I went for my follow-up ultrasound this morning. The purpose of this ultrasound was to either verify or disprove the results of the MRI. (The MRI had seen an area of ‘non-mass-like enhancement of suspicious disease.’) If the MRI was correct, my upcoming surgery will be a mastectomy; otherwise it will be a lumpectomy.
So this morning the friendly and reassuring ultrasound technician did her thing, and then called in the radiologist to take a look.
The good news is that the ultrasound did not see any “area(s) of non-mass-like enhancement of suspicious disease.”
The not-so-good news is that they found a lump in my LEFT breast, and I will have to undergo another biopsy in about two weeks to see if it’s cancerous.
But the good news with respect to the not-so-good news is that the radiologist doesn’t think this second lump is cancer.
“It could just be a cyst,” said Dr. Lee encouragingly, “with debris in it.”
(Debris? Really? My body has debris? When I think of debris, I think of the garbage that collects in ditches along the side of the road. Sun-bleached coke cans. Beer bottles. Empty cigarette packs. Big Mac packaging. Used condoms.)
I know at first glance today’s news doesn’t sound like cause for celebration, but it is.
I had been pretty alarmed about that ‘area of enhancement’ and its ominous implications. It’s a huge relief to find out it doesn’t exist. As for the new lump, I’m optimistic that it’s nothing serious. All in all, it looks like we’re moving back to where things were a few weeks ago: a small tumour, a lumpectomy and radiation, followed by 30 or 40 years of living happily ever after.

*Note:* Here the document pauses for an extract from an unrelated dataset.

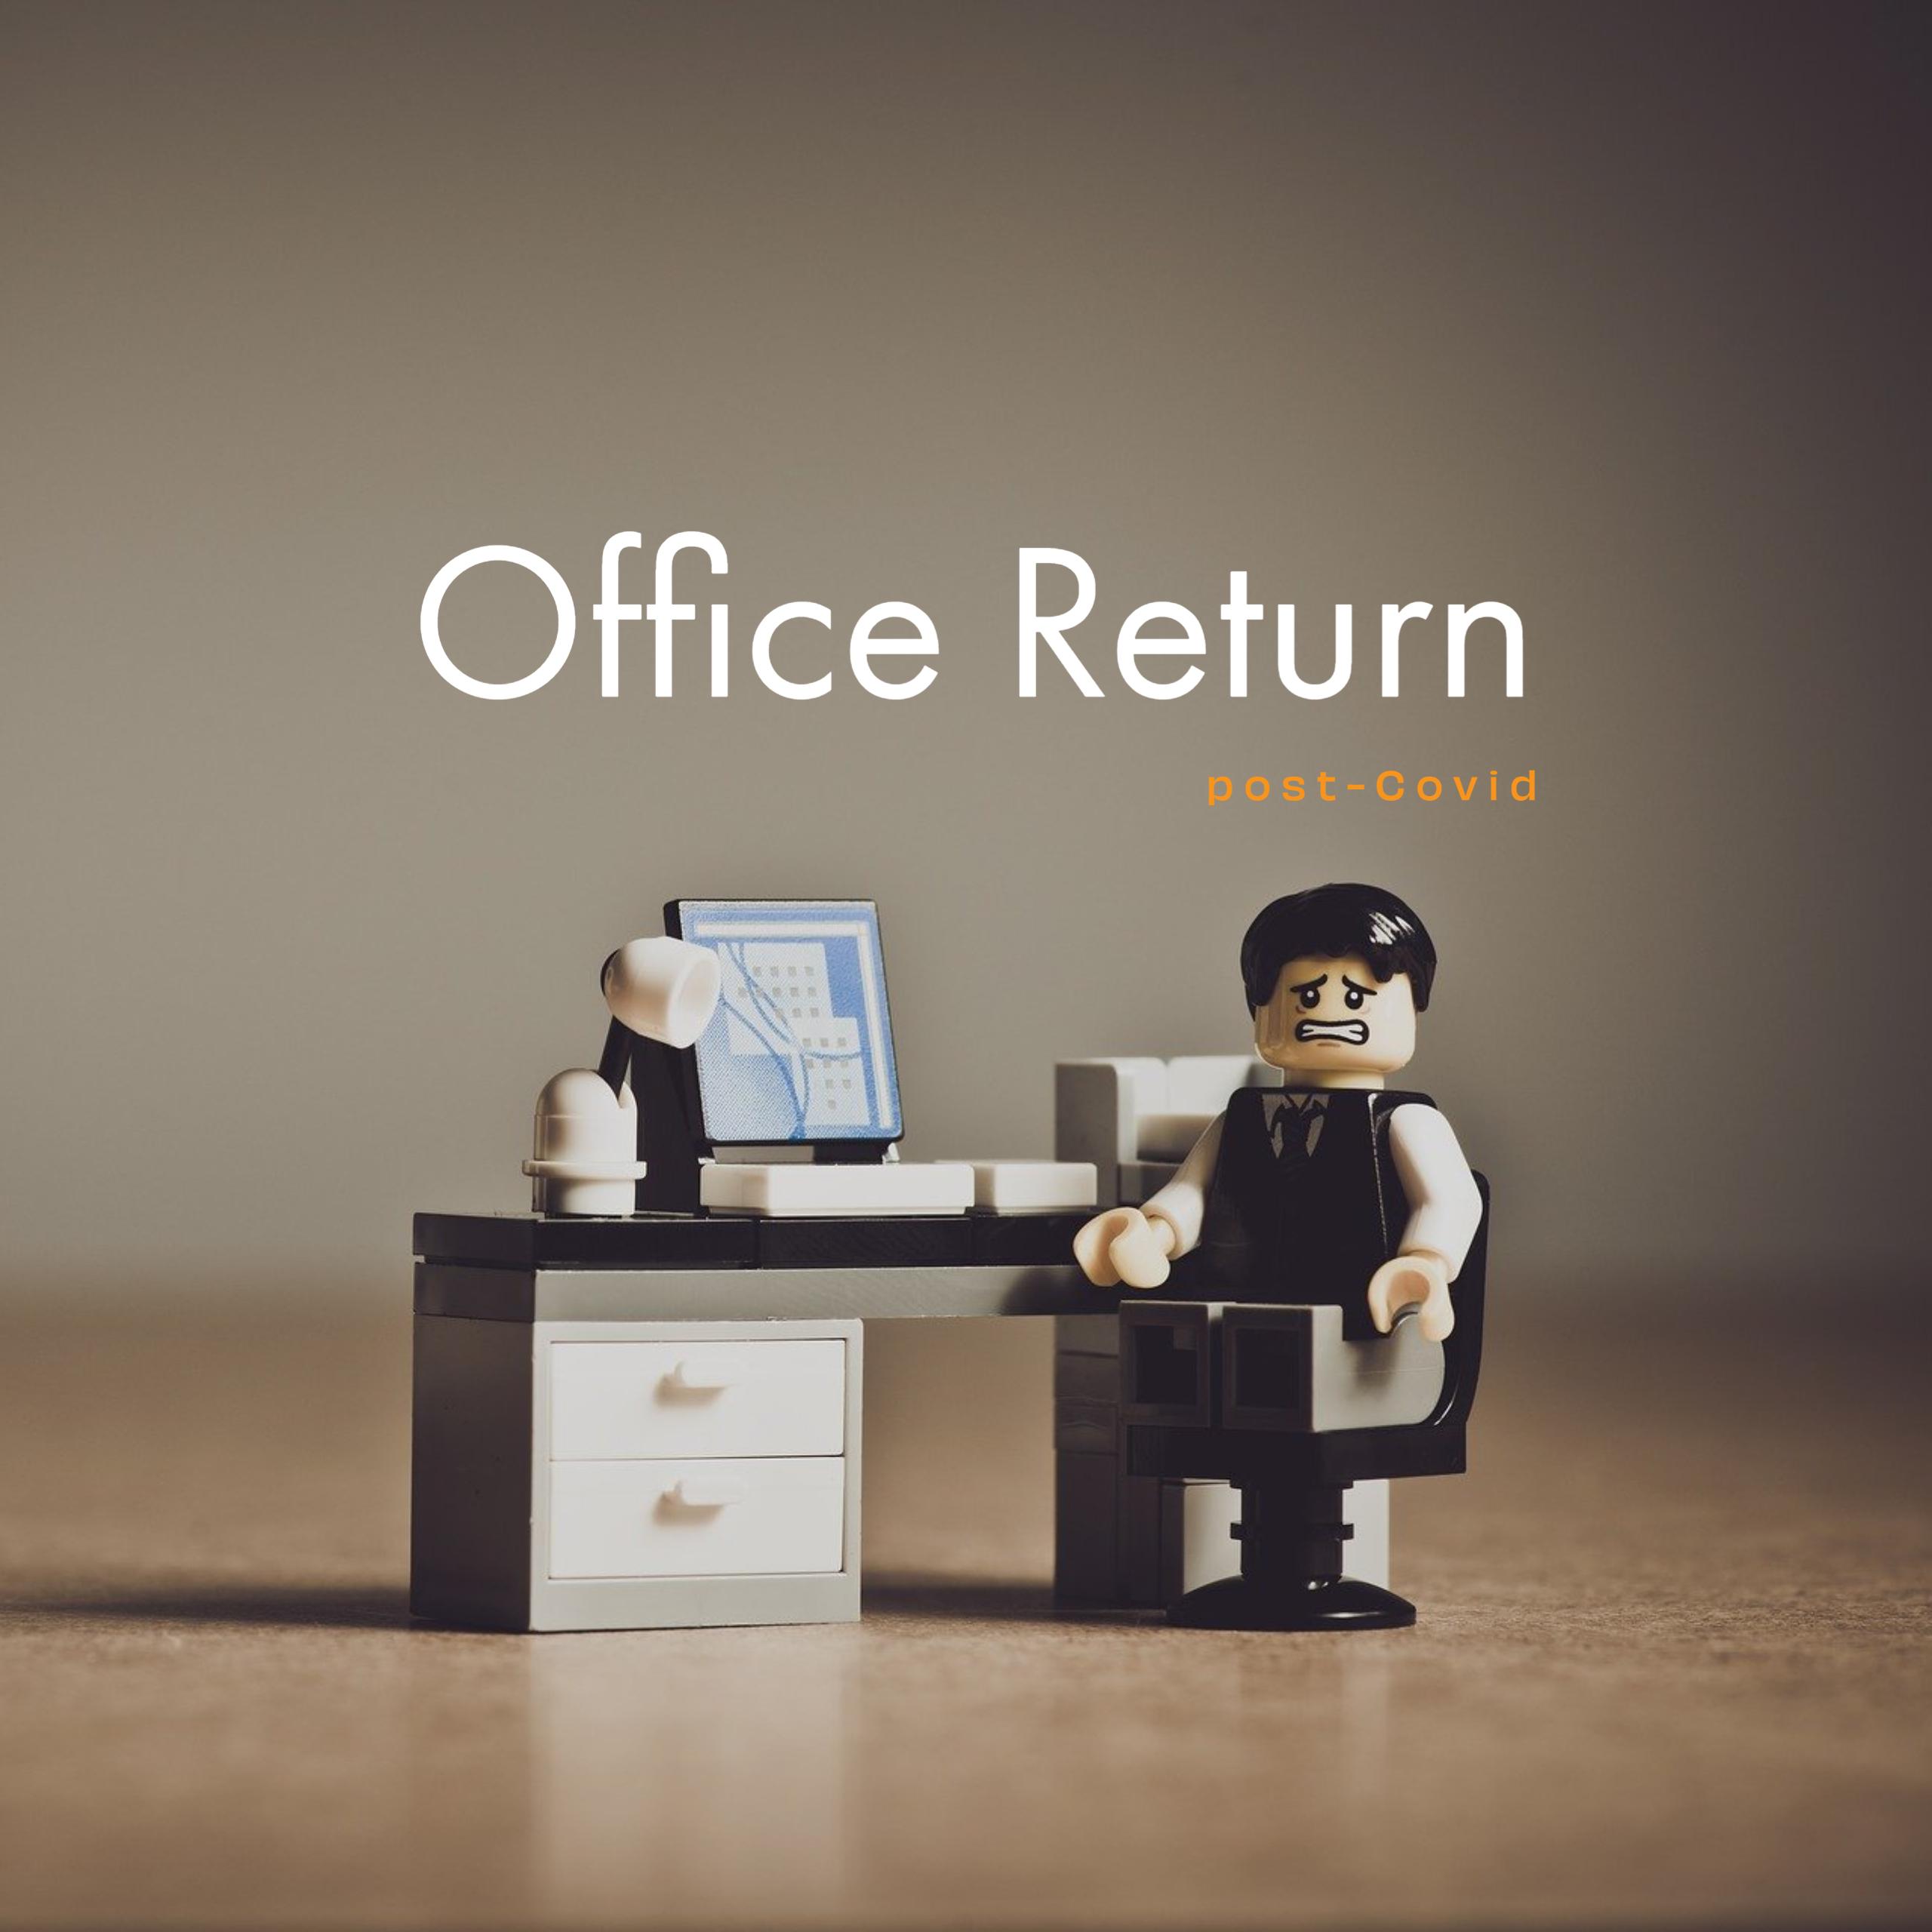 Office Return - Post Covid

Groundhog accepting our offerings
GC and I were walking back after the ultrasound, feeling happy about the way things were unfolding in general, when we saw a harbinger of good fortune: a groundhog, poking his head out of his hole. (My mother used to be the Groundhog Lady of Ottawa, and today is my mother’s birthday.) (Happy Birthday Mom.)
GC and I chatted with the groundhog, and then spent some time gathering up handfuls of dandelions (the favourite food of groundhogs everywhere) and laying them at the entrance of his burrow. He stuck his quivery little nose out and pulled the dandelions into his burrow. He was very sweet. I love groundhogs.
I’ve been given some tentative good news with respect to all the test results I’ve been waiting for – the bone scan, the chest x-ray, and the abdominal ultrasound all seem to be okay, according to someone who was kind enough to look them up for me. She cautioned me that she’s not a doctor and she’ll have the doctor call me later (she’s in surgery all day), but in the meantime, tentatively, it looks like the cancer has not spread beyond my breast and possibly my lymph nodes!